Raw data >>

+ + + +

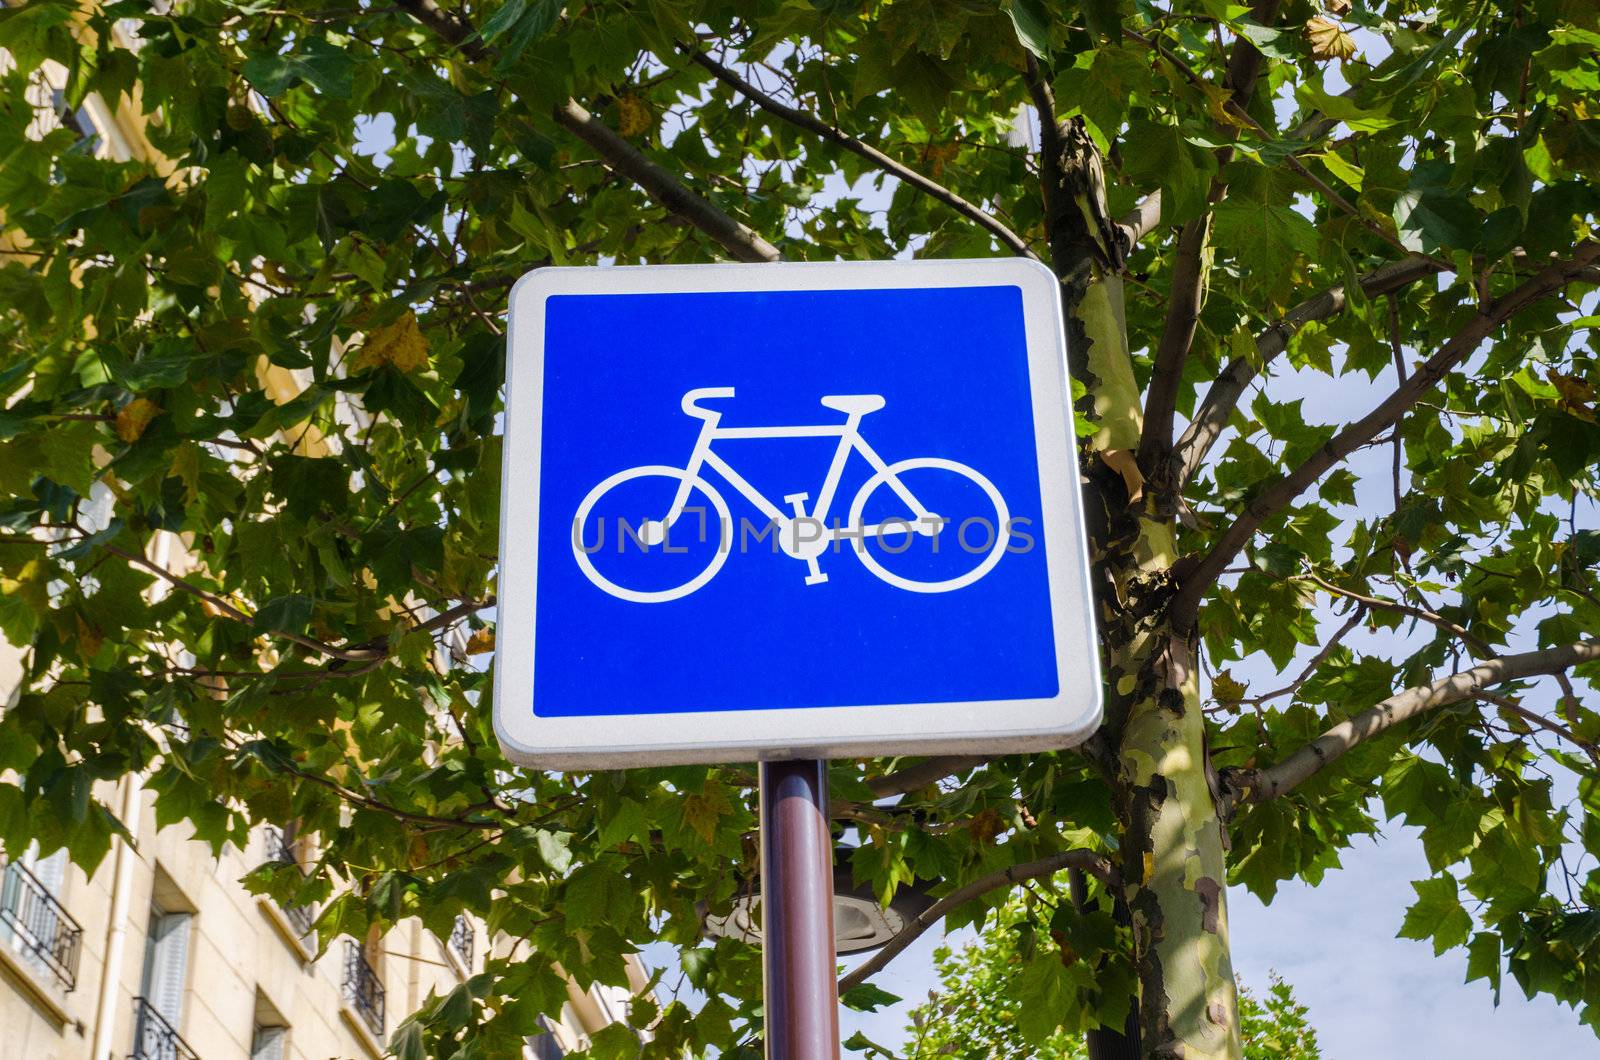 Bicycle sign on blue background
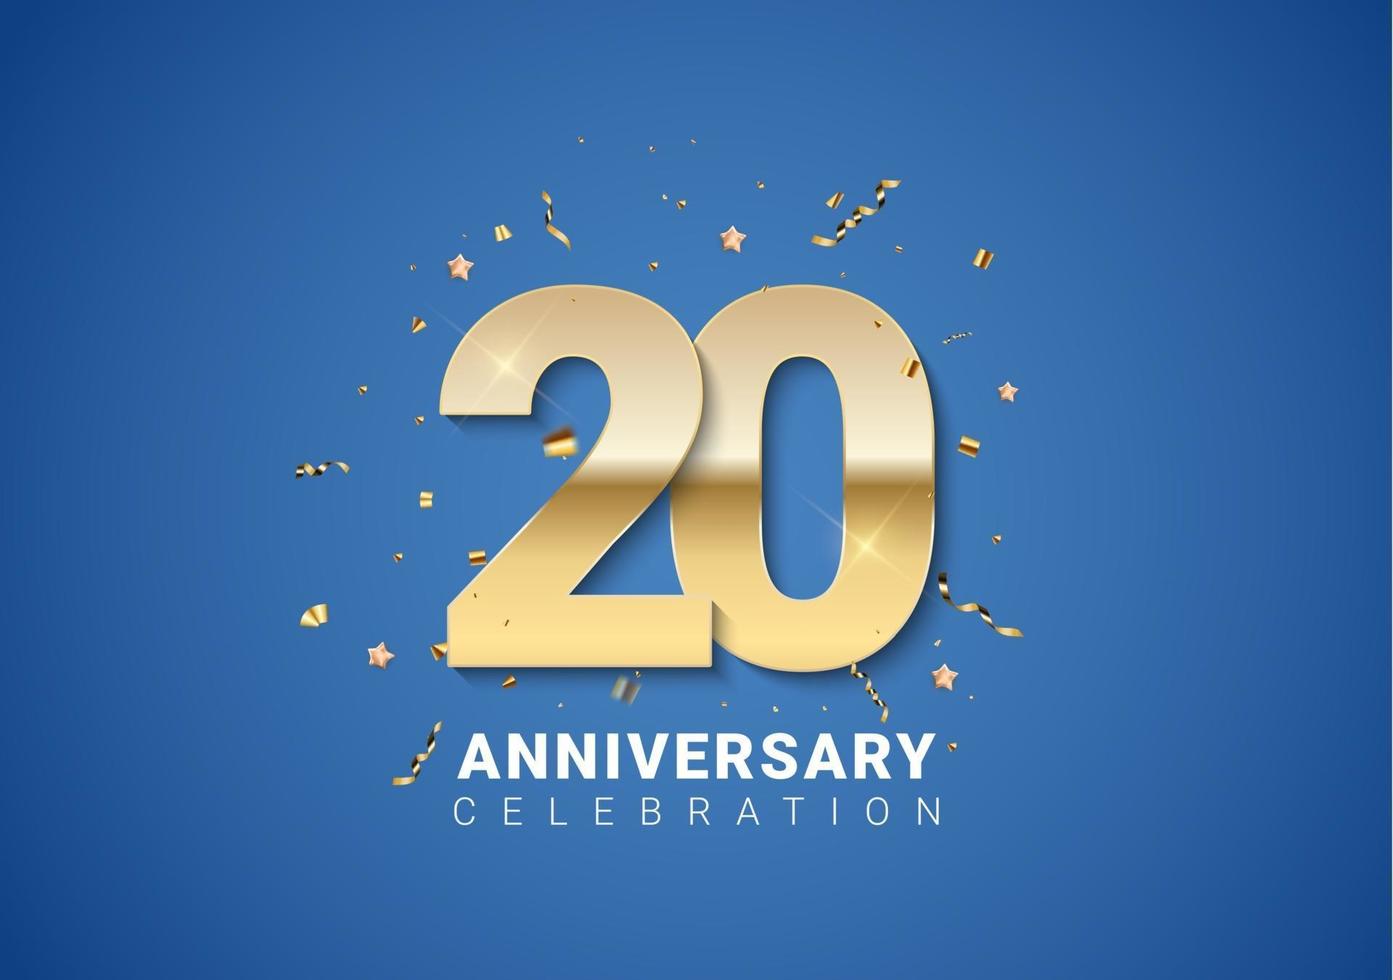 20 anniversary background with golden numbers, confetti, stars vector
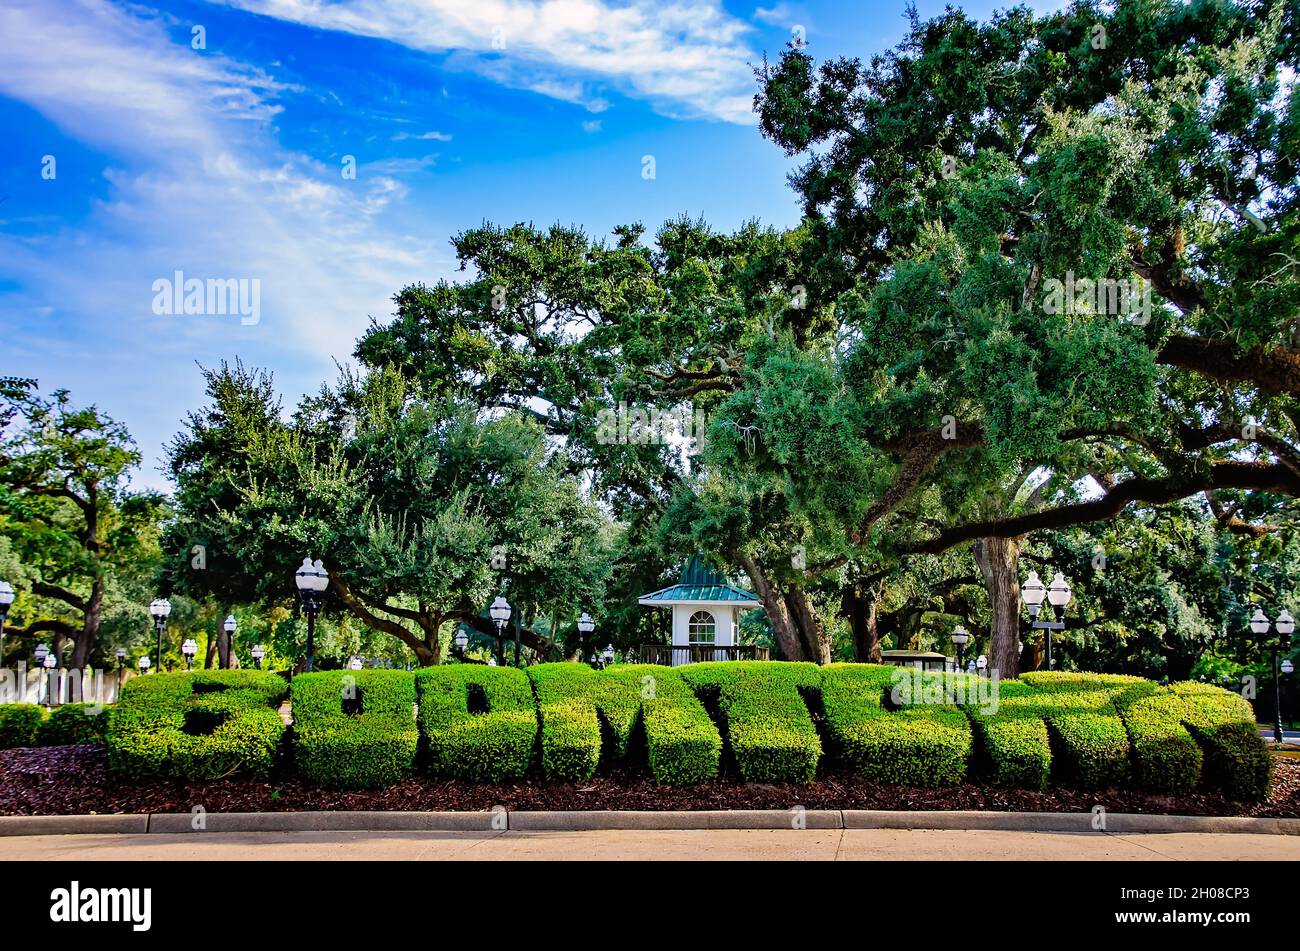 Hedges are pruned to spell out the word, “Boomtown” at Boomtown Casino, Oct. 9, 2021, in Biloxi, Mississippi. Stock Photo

+ + + +

Exercise directions >> The response must match the listing exactly, except that pictures are removed.

Response below >>
 Bicycle sign on blue background
 20 anniversary background with golden numbers, confetti, stars vector
 Hedges are pruned to spell out the word, “Boomtown” at Boomtown Casino, Oct. 9, 2021, in Biloxi, Mississippi. Stock Photo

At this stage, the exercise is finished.